My research focuses on neutrinos, ghost particles with the potential to unlock the deepest secrets of Nature. Neutrinos play a key role in our life but they typically go unnoticed. They are extremely elusive and rarely interact with matter. They can travel for billions of light-years, flying through planets, stars, and even entire galaxies. This characteristic makes them a unique probe to study parts of the Universe otherwise inaccessible to us.

I studied all kinds of neutrinos produced by the nuclear fusion reactions occurring in the core of the Sun with the BOREXINO experiment. This has been extremely important to understand how a star shines. I now work on the Pacific Ocean Neutrino Experiment (P-ONE), a neutrino telescope for extragalactic ultrahigh-energy neutrinos. With P-ONE, I will study active galactic nuclei, blazers, and many other astrophysical systems in the most extreme energy and gravitational conditions. I am also exploring how a future planetary network of neutrino telescopes will lead us to ground-breaking discoveries in multi-messenger astronomy.

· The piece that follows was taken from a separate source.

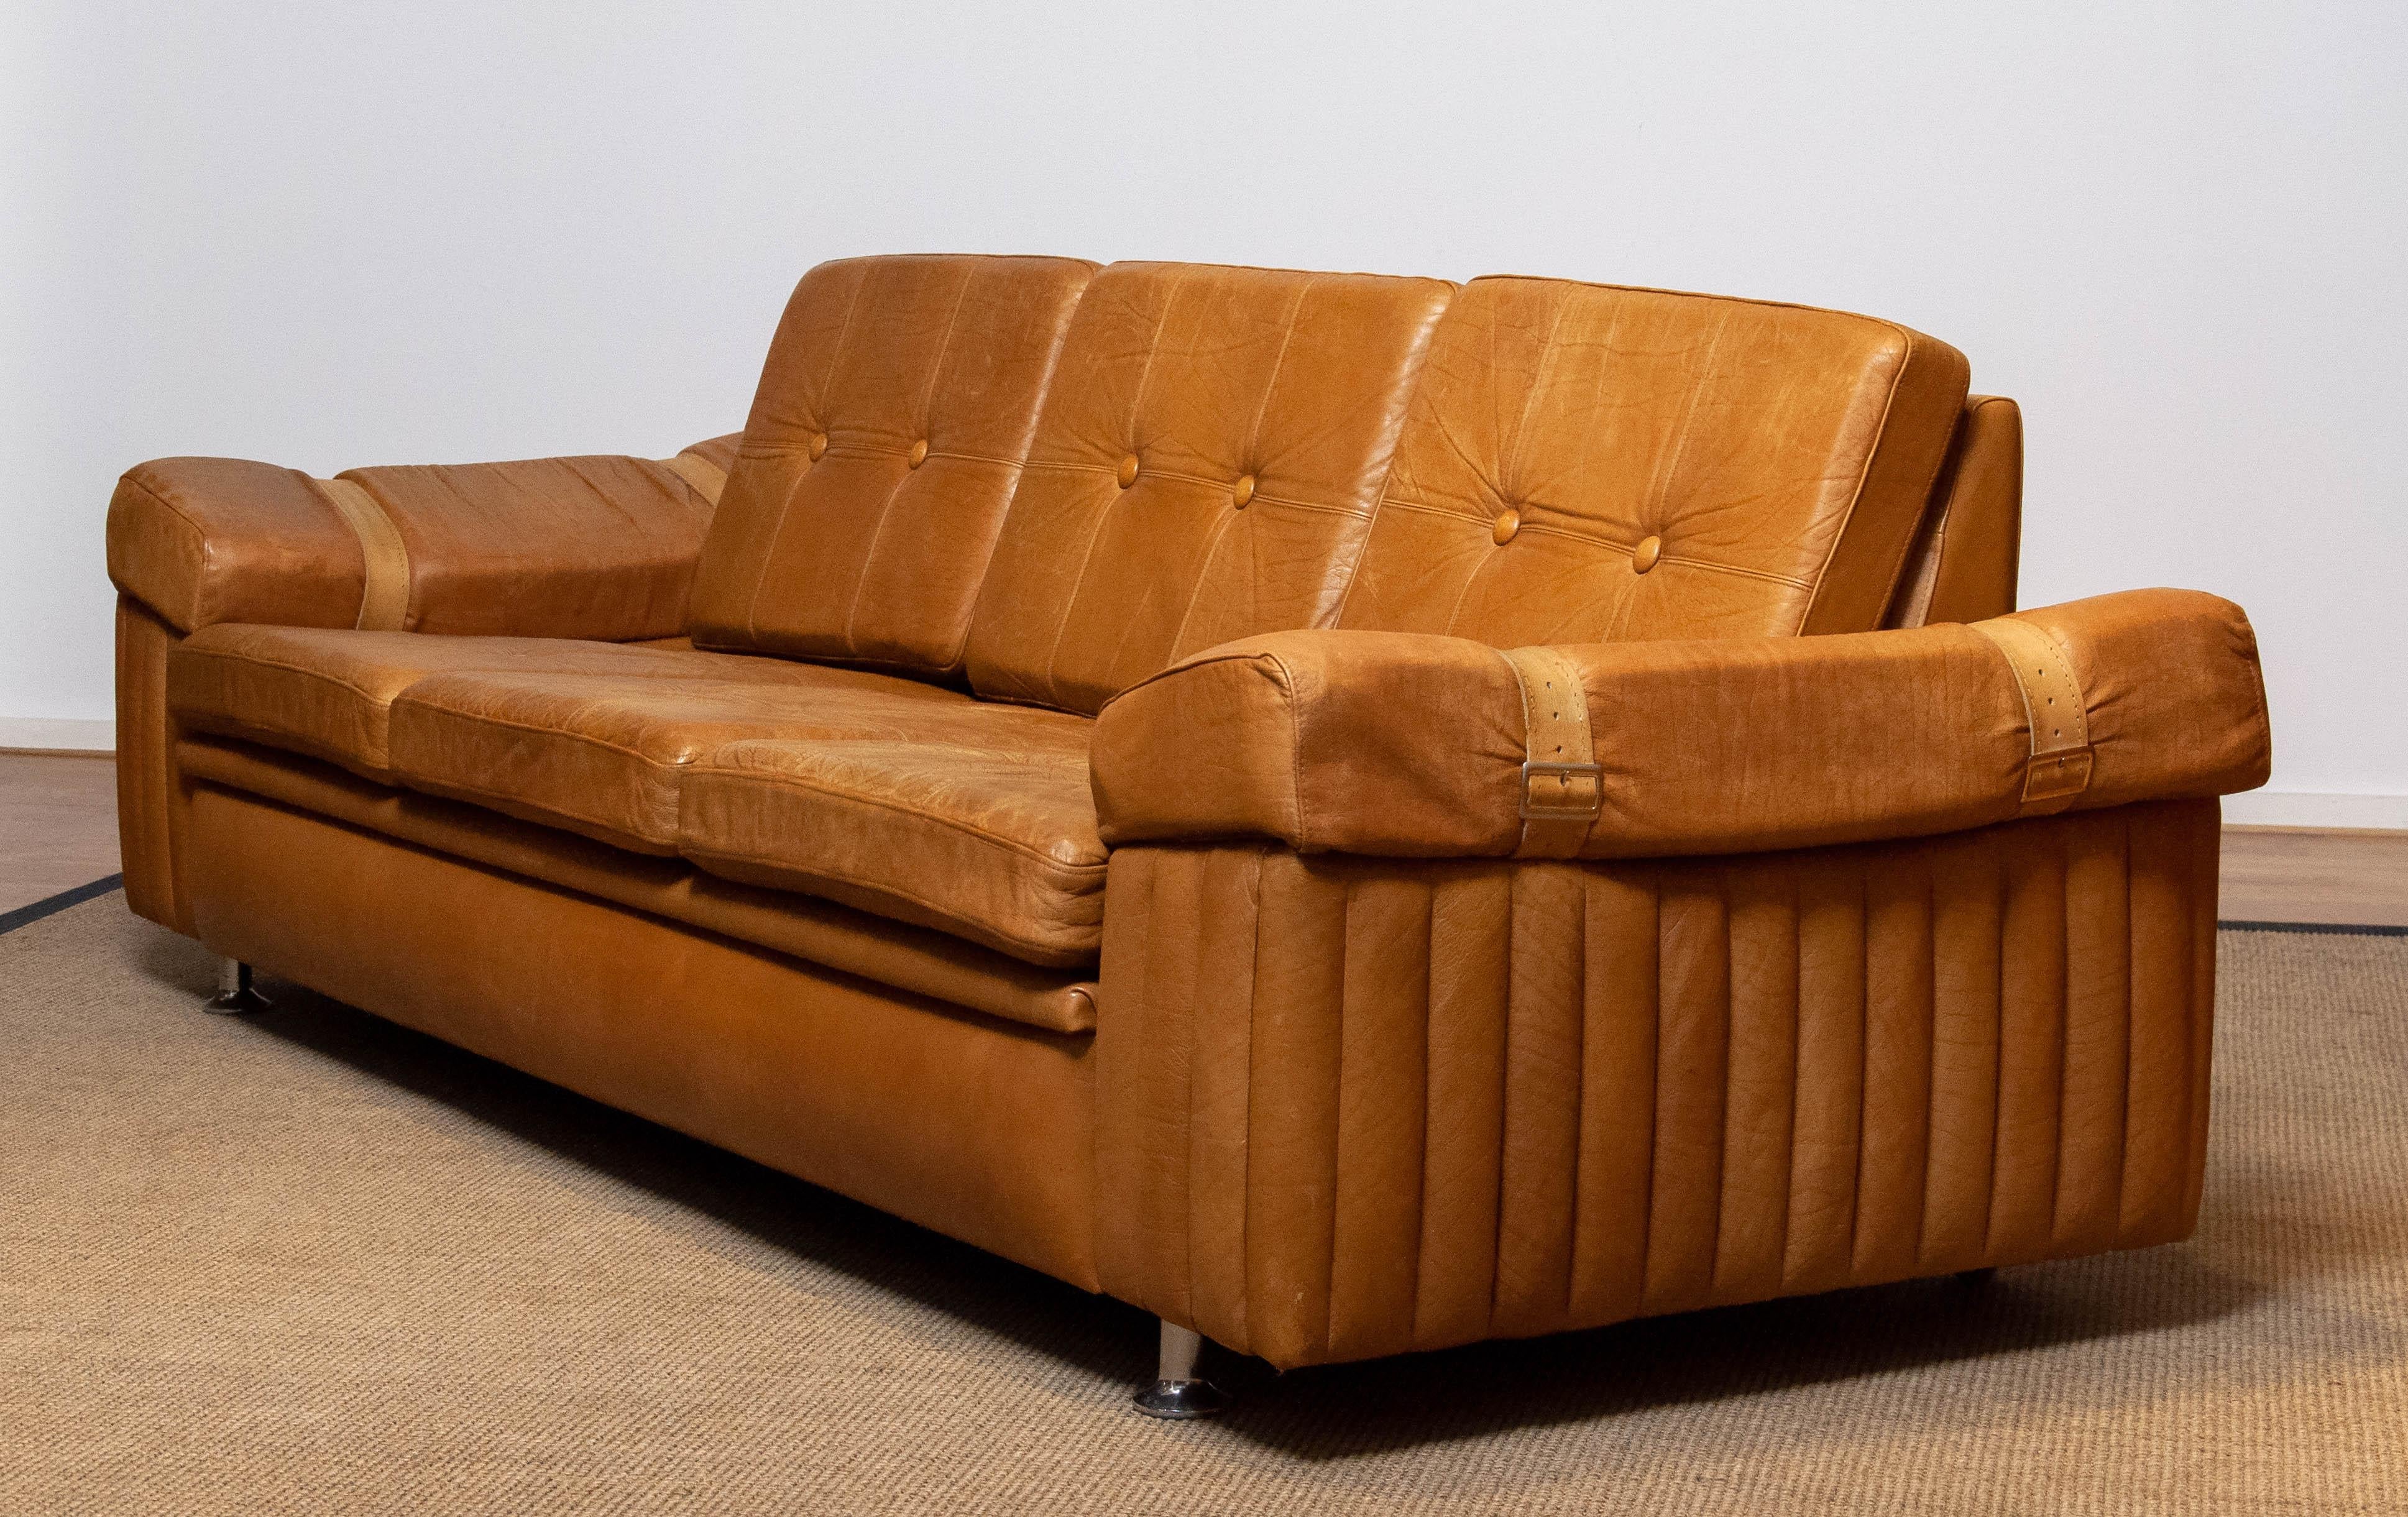 Swedish 1970s Scandinavian Brutalist Three-Seater Low-Back Sofa in Camel Colored Leather For Sale

Neutrinos are important not only for understanding our Universe but also for uncovering the elementary laws of particle physics. During the last century, they led us to the discovery of the weak force and the postulation of modern quantum field theory. Nowadays, the observation that they are not massless particles provides the most compelling evidence that our standard model is incomplete. The mass of the neutrino can be explained assuming the existence of a new particle, the  “sterile” neutrino. The discovery of sterile neutrinos had been the goal of one of my past projects, the SOX short-baseline neutrino oscillation experiment.

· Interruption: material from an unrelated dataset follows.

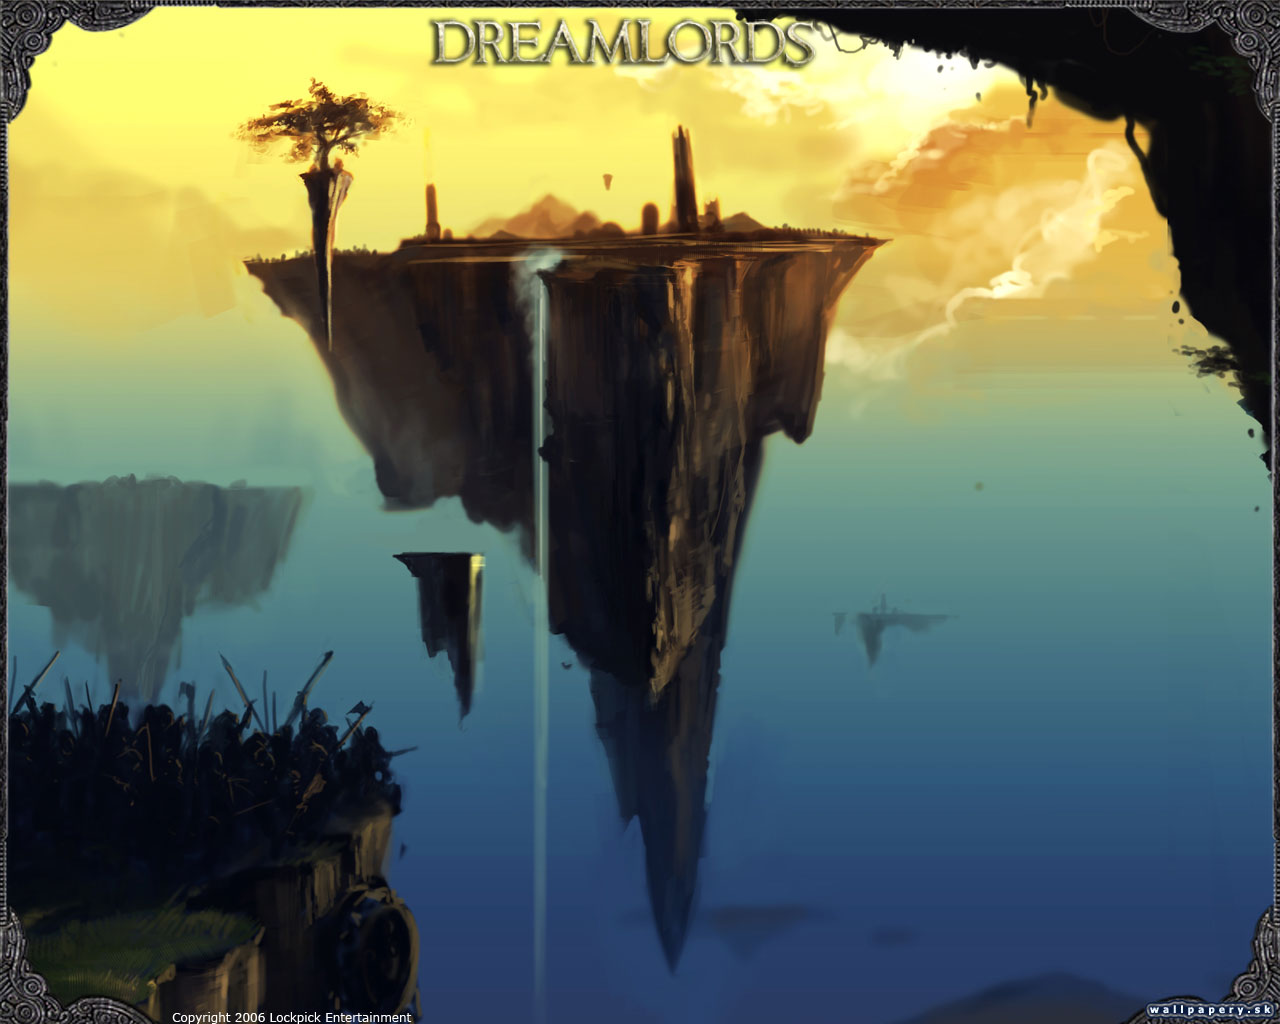 Dreamlords - wallpaper 5

Neutrino masses can also be explained assuming that the neutrino is its own antiparticle, i.e. a Majorana particle. This property emerges naturally in theories that explain why our Universe contains primarily matter. Neutrino masses and the matter-antimatter imbalance in our Universe could be both connected to the Majorana nature of neutrinos. I have been testing this exciting idea by searching for a nuclear transition called “neutrinoless double-beta decay”. I achieved the world-leading sensitivity to double-beta decay with the GERDA experiment. Based on this success, we founded LEGEND, a follow-up project that has very high discovery power. I am now preparing the first stage of LEGEND (LEGEND-200), which will start in 2021. I am also developing a global analysis to combine all available neutrino data and test theoretical models. This will be extremely important to postulate a theory of the neutrino masses after LEGEND has discovered the neutrinoless double-beta decay.